Fri, Jan 05, 2018 - Page 3 News List

Taipei court rejects third lesbian couple

LAWMAKERS’ TURN:In the third in a series of rulings on same-sex marriage, the court said localities cannot be forced to act before the legislature passes a new marriage law

By Jason Pan  /  Staff reporter

Marriage Equality Platform spokesperson Jennifer Lu yesterday speaks in front of the Taipei High Administrative Court after the court ruled that it cannot order local government offices to register a same-sex marriage between Lu and her partner.

Photo: Liu Hsin-de, Taipei Times

The Taipei High Administrative Court yesterday handed a setback to lesbian couple Jennifer Lu (呂欣潔) and Chen Ling (陳凌) when it decided the court cannot order local government offices to register their same-sex marriage.

They were the third lesbian couple to see their requests denied by the court since October last year, just nine days after the court rejected a similar request by Liang Tzung-huei (梁宗慧) and Chu Pei-shuan (朱珮諠).

In yesterday’s ruling, the court said relevant amendments legalizing same-sex marriage have not yet cleared the legislature and therefore local authorities had no legal basis to approve the plaintiffs’ marriage application.

The case can still be appealed, according to the court statement provided by presiding judge Huang Chiu-hung (黃秋鴻).

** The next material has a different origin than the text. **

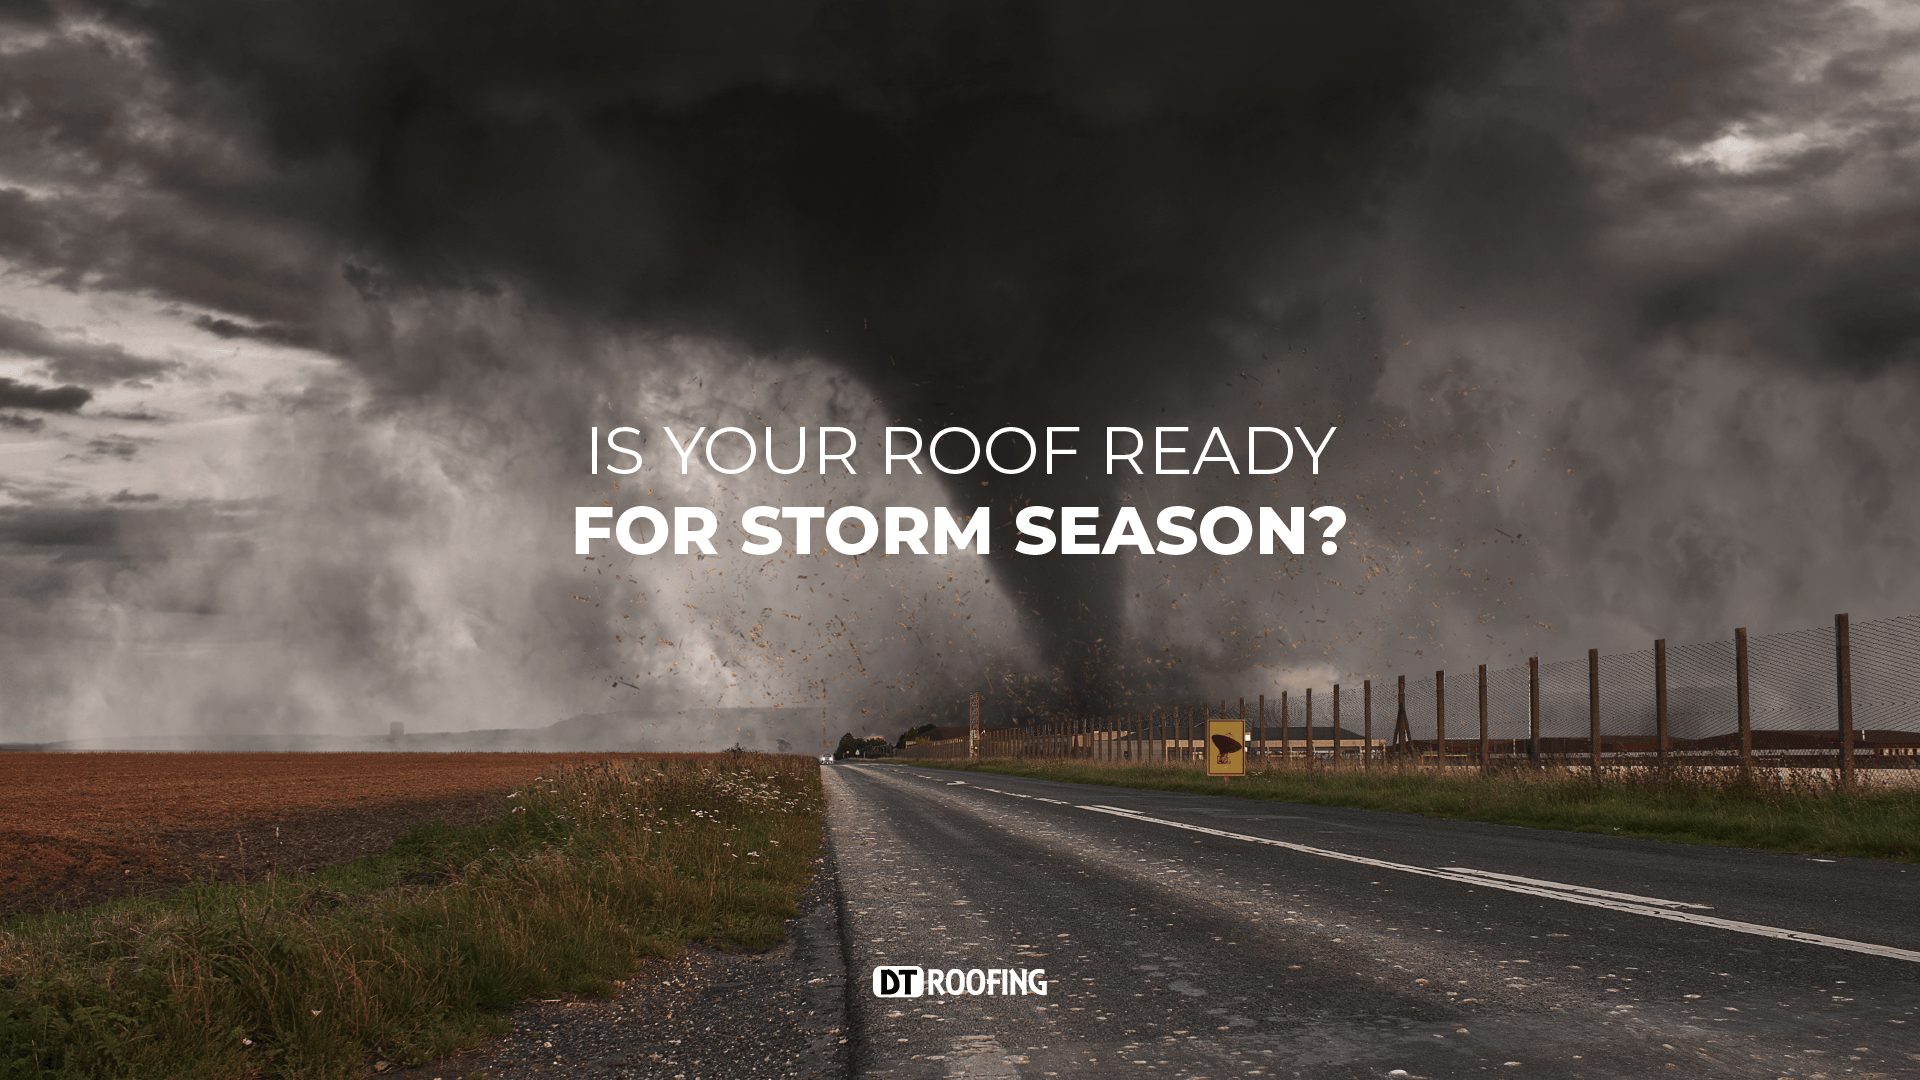 Assessing Your Roof's Readiness for Storm Season

The litigation originated in August 2014, when The Taiwan Alliance to Promote Civil Partnership Rights as part of a campaign encouraged members of the lesbian, gay, bisexual, and transgender (LGBT) community to register for marriage at Taipei’s Zhongzheng District Household Registration Office.

The couples’ requests to marry were rejected by staff at the household registration office, who cited the Civil Code, which stipulates that marriage is a union between a man and a woman.

Subsequently, Lu and Chen, along with two other couples, sought to challenge the decision in court. The Taipei High Administrative Court started hearings in the case in April 2015.

Yesterday’s ruling acknowledged the Council of Grand Justices’ Constitutional Interpretation No. 748 of May 24 last year, in which they ruled that the Civil Code’s definition of marriage violated the principles of freedom of marriage and equality enshrined in the Constitution.

However, Huang noted that the court cannot order local household registration offices to accept registration for same-sex marriage, as there is not yet a legal basis.

The interpretation gave the government two years to amend the Civil Code, the statement said, adding that in the meantime, the plaintiffs could still apply for marriage, but the marriages would only be legalized after the new marriage law has been promulgated.

Lu said she was disappointed by the ruling and would appeal the decision, asking the government and the legislature to expedite the amendment process to protect same-sex couples’ right to marry.

Lu’s lawyer, Victoria Hsu (許秀雯), said it was regrettable that all three couples have lost their court cases, despite the grand justices’ interpretation.

The court on Tuesday last week issued a similar ruling in the case of Liang and Chu, saying it did not have the authority to pressure household registration offices into recognizing same-sex marriages before a legal framework for such unions is promulgated into law.